2 minute read
FOREWORD PERCIVAL EVERETT
from Post Truth
I am sitting in my writing studio in Los Angeles. In front of me is George Byrne’s Green Sun with Yellow What am I seeing? Is it an abstract composition? The apparent flatness of the dark blue, like blue and white spaces would suggest so? However, beneath the coral colored rectangle, which is beveled, there is a shadow, a depiction of spatiality so clear that I believe I can see under the coral, perhaps slide my hand beneath it. On the beveled border of the coral rectangle is a green sun, a symbol for the sun, a child’s sun. At once the picture is a photograph and a painting, abstract and representative. At the bottom of the composition is yellow cylinder, shaded on one side and impossibly casting no shadow. Abstraction? The cylinder is immediately recognizable as a parking lot pole barrier, common in most cities, but certainly ubiquitous in Los Angeles and so this work becomes a landscape. The magic of it is that as soon as I see the picture it is exactly that, a portrait of Los Angeles. I know what I see, but I cannot articulate the mechanisms at work here. The shapes are not unique to to Los Angeles. Neither are the colors, though they are distinctly southern Californian. It is an abstract landscape that is its subject.
I am reminded of the later paintings of Piet Mondrian. Not simply because of the suggestion of a grid to represent place, but because the work is actively breaking down the constraints of realism. Green Sun with Yellow is a photograph of a place and, though the image might or might not have been manipulated in some way, it is not a composite of several images or several places. It is, in this way, a landscape, but it has reversed its gaze and so our perspective, from out to in, from far to close and yet it still works as a portrait of a place. Is this the power of abstraction or the immediacy of naturalism?
Instead of following an impulse to eradicate the particular form, the aim of the cubists and Mondrian, Byrne embraces existing forms. In these works, lines and the colors are sharply defined. Things are what they are, awnings are awnings, but sheltering what? Doors are appear without knobs or handles. Traffic barriers have no traffic to deflect. Often, the natural world looms just outside the shapes, as backdrop, as if separate from the composition, while, unquestionably, deliberate and necessary. These are photographs that challenge our ideas of photography. They are paintings of the material world that make us question the necessity of paint.

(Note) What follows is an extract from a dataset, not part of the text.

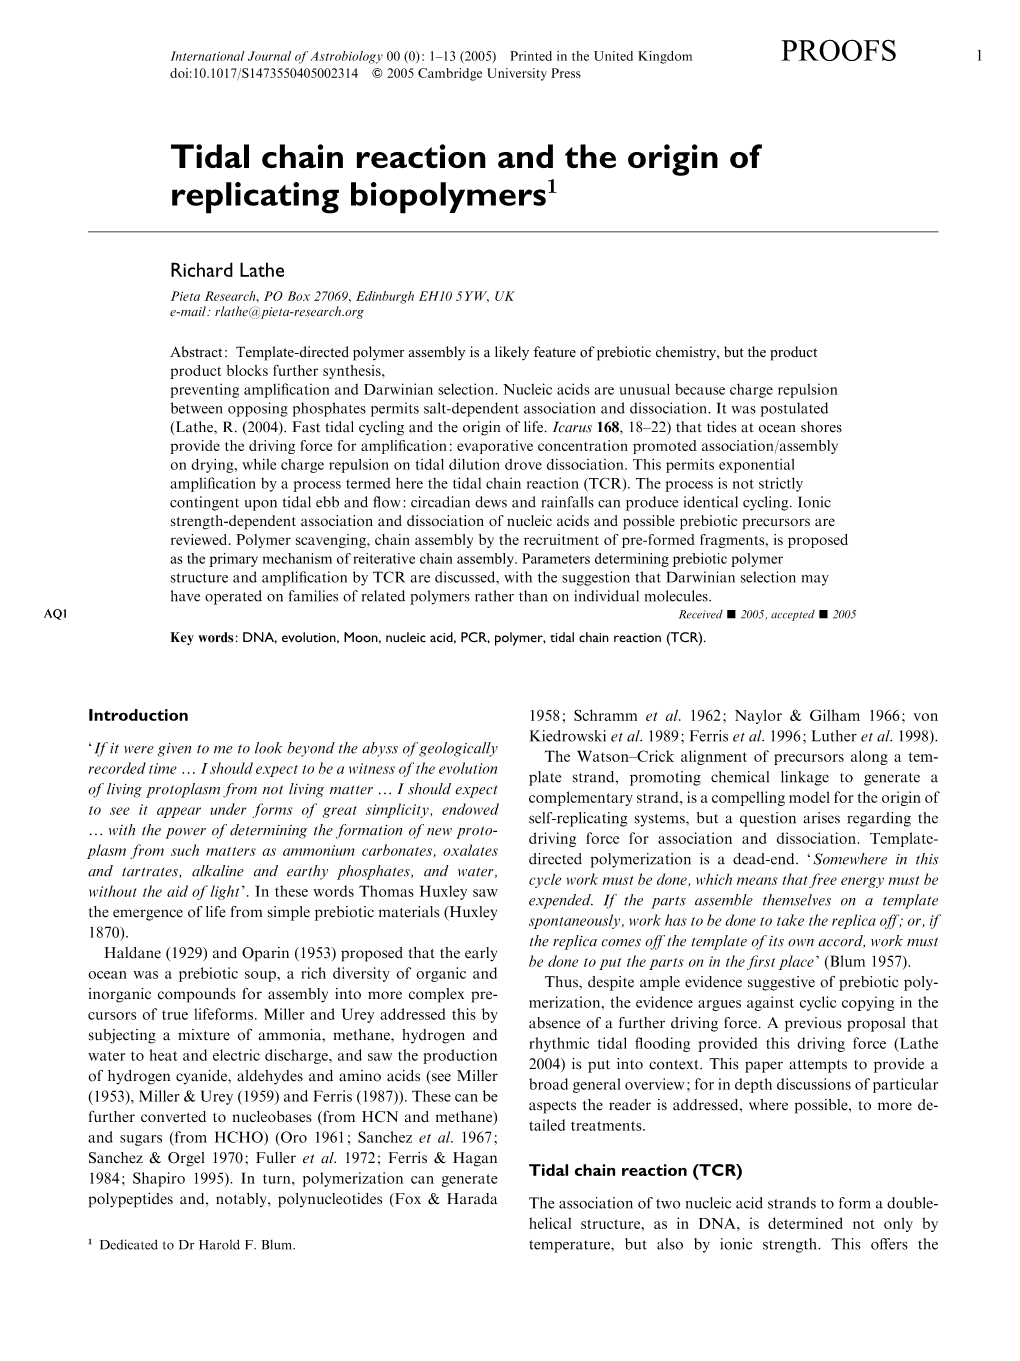 Tidal Chain Reaction and the Origin of Replicating Biopolymers1

These photographs offer something new every time I come to them. They have a narrative push that appeals to my writer’s sensibility, but I cannot repeat the images with descriptive language. The colors make this works easy to live with, a pleasure to view, but they offer so many surprises. The painting that appears on the cover of this book draws me in with the shadowless palm tree, but the red triangle on the right border strikes me a genius. It is not that it should not be there, but the feeling that, of course, it should be there. Is the red a part of geometry of the photograph or is it an element of nature like the top of the mountain on the left border? Is the palm tree a thing from nature or is it inserted into our world like the blue post?
These are beautiful, challenging works that offer more with familiarity. They are friends or pets. We not only live with them, but they live with us.